There have been many attempts to rationalise the Eastern-European tales of vampires, including a hereditary blood disease called porphyria (whose sufferers included Mary Queen of Scots, James I, and George III). These have largely been discredited. An alternative explanation is rabies, which can cause sufferers to undergo changes in sexual appetite and sleep patterns. It can also make people more likely to bite others, and make them hypersensitive to light.
There was a belief in the middle ages that vampires spread the plague; as a result, suspected vampire corpses had a brick placed into their mouths to prevent them from biting. Of course, the more common way to dispose of vampires is to hammer a stake into their heart. A similar practice is still apparently carried out in some parts of rural Romania, where it was reported in 2005 that a family had exhumed a family-member's corpse, driven a pitchfork into his chest, and then removed his heart after they blamed him for the sickness and nightmares which plagued the family.
The nearest thing to a real Dracula was Vlad III Dracula, also known as Vlad the Impaler (1431-76). He was born in Transylvania, but only because his family were in exile at the ; he was actually the prince of another Romanian province called Wallachia. Most of the worst stories about Vlad were put around by his enemies; while he certainly did use impaling as a method of punishment, we don't know how often he actually did it. To many Romanians he is a national hero who resisted the Turkish conquerors and asserted Romanian national sovereignty.
The Asian vampire moth sucks the blood of water buffalo or deer.
One thing vampire children are taught is, never run with a wooden stake.
Vampire bats have an anticoagulant in their saliva that stops blood from clotting while it is being sucked out. It's called 'Draculin'.
The vampire squid from hell (Vampyroteuthis infernalis) is actually quite a docile animal, which usually just hangs motionless in the water column. It isn't a true squid; it's somewhere between a squid and an octopus, and belongs to its own order, Vampyromorphida.
It is the only cephalopod that lives its entire life cycle in the core of the 'oxygen minimum layer'. This is an extremely deep part of the ocean that is almost totally devoid of oxygen. Its blood is especially effective at removing oxygen from the water. To help it survive, it also has a low metabolic rate and gills with a large surface area.
It has filaments which trail behind it; when another animal touches one it swoops round to the point of contact, hoping to catch it. It also has, proportionally, the largest eyes of any animal on Earth; equivalent to a human having eyes a foot in diameter. These are necessary because it’s very dark at the depths in question. If threatened, instead of ejecting ink, it throws out a sticky cloud of bioluminescent mucus which contains innumerable orbs of blue light.

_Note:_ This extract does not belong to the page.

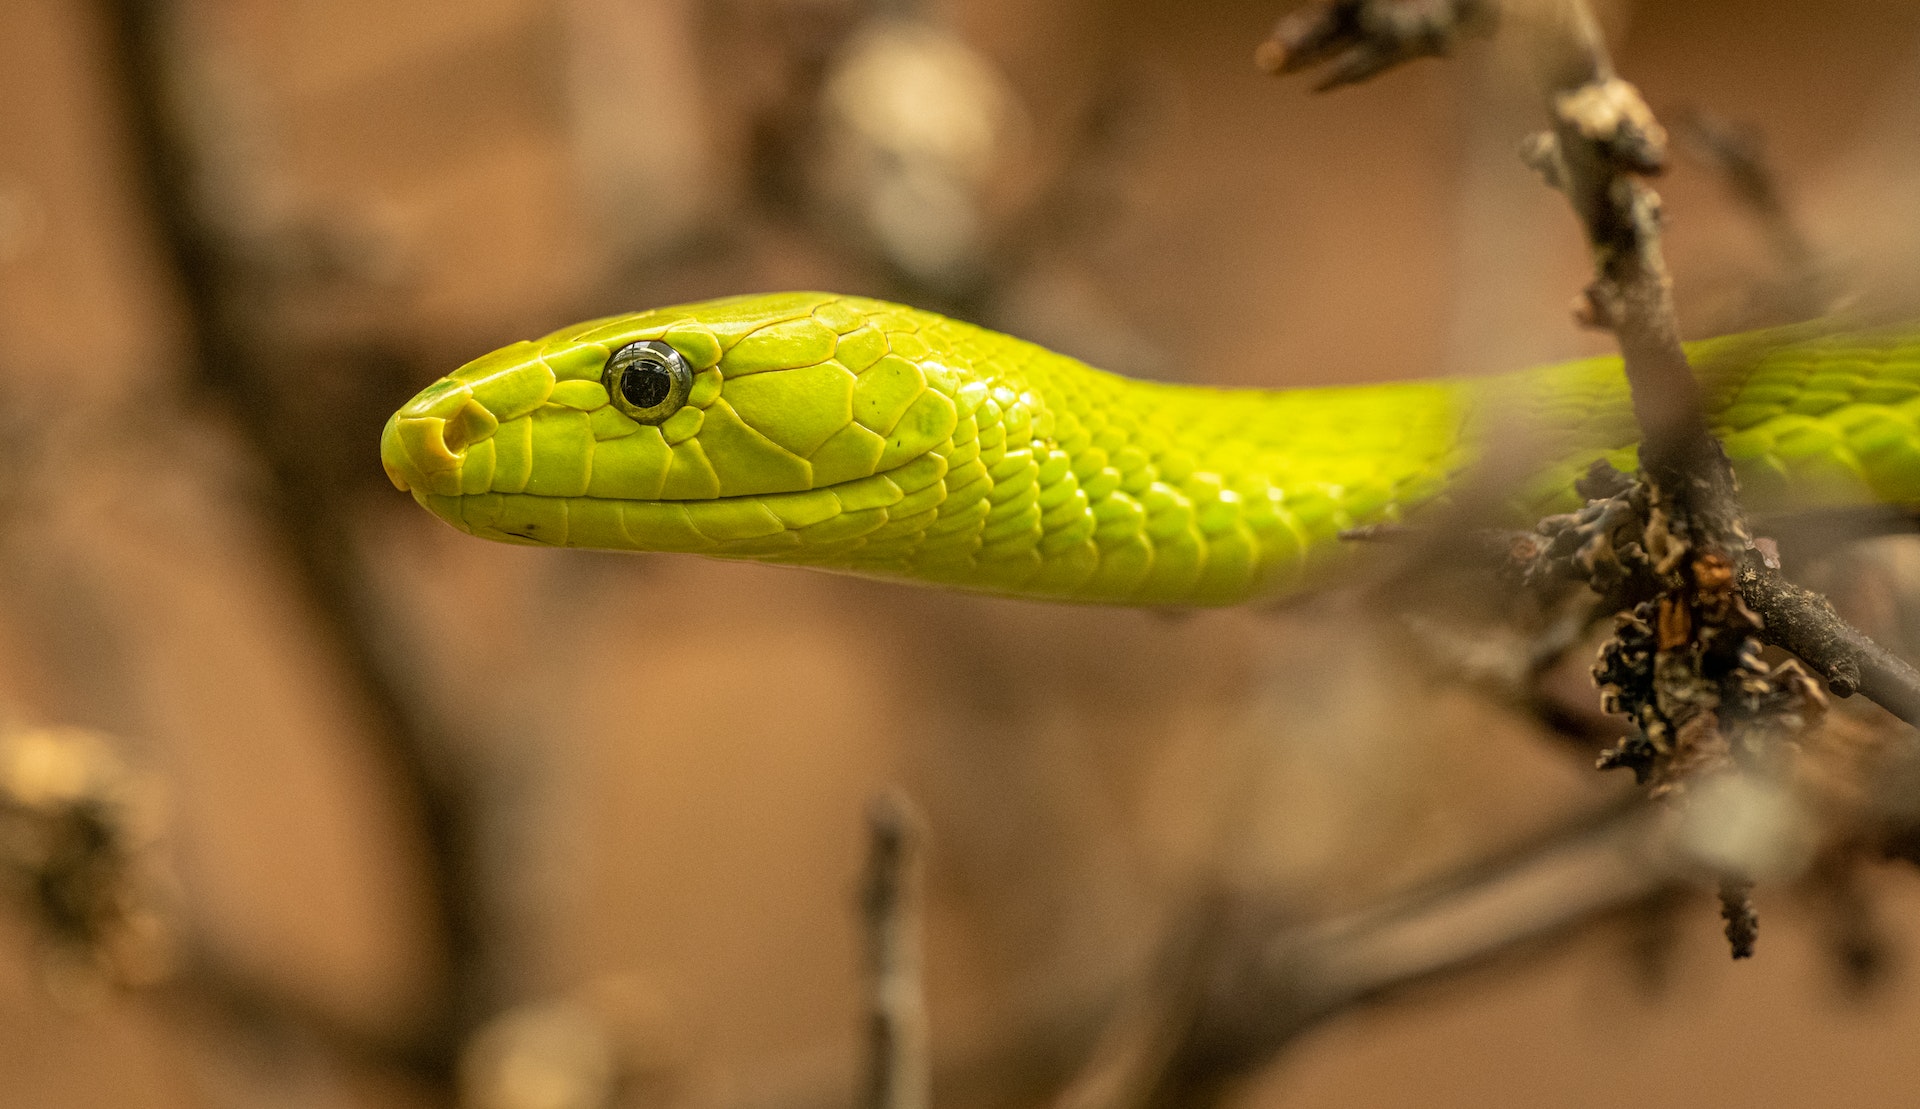 10 Fascinating Facts About Snakes You Never Knew
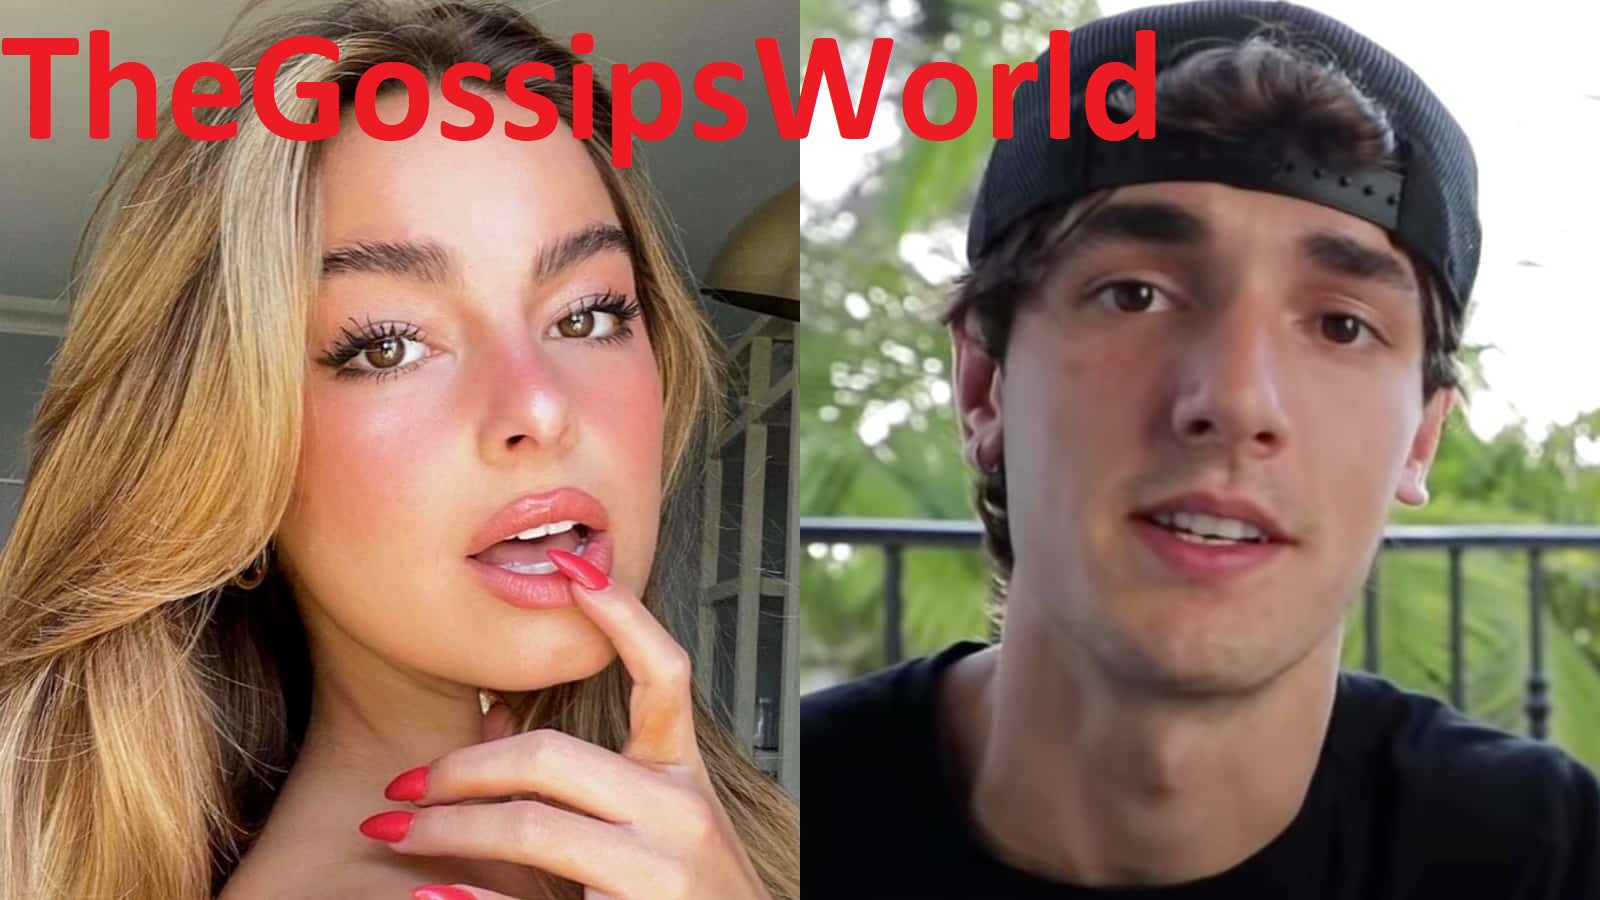 Who Is ADDISON RAE Video Leaked, Idkijustworkh11 Video Viral On Twitter & Reddit, Full Video Link Explained!

This dazes would-be predators and allows the vampire squid to disappear into the blackness without needing to swim far. Females brood over their eggs for up to 400 days before they hatch, starving themselves in the process so that they die soon afterwards.
…the great door swung back. Within, stood a tall old man, clean shaven save for a long white moustache, and clad in black from head to foot, without a single speck of colour about him anywhere.
If every vampire fed once a month and turned their victim into a vampire, all humans would be vampires within two and a half years.
Porphyria's symptoms include an adverse reaction to garlic, increased skin sensitv-ity to sunlight and more pronounced canines.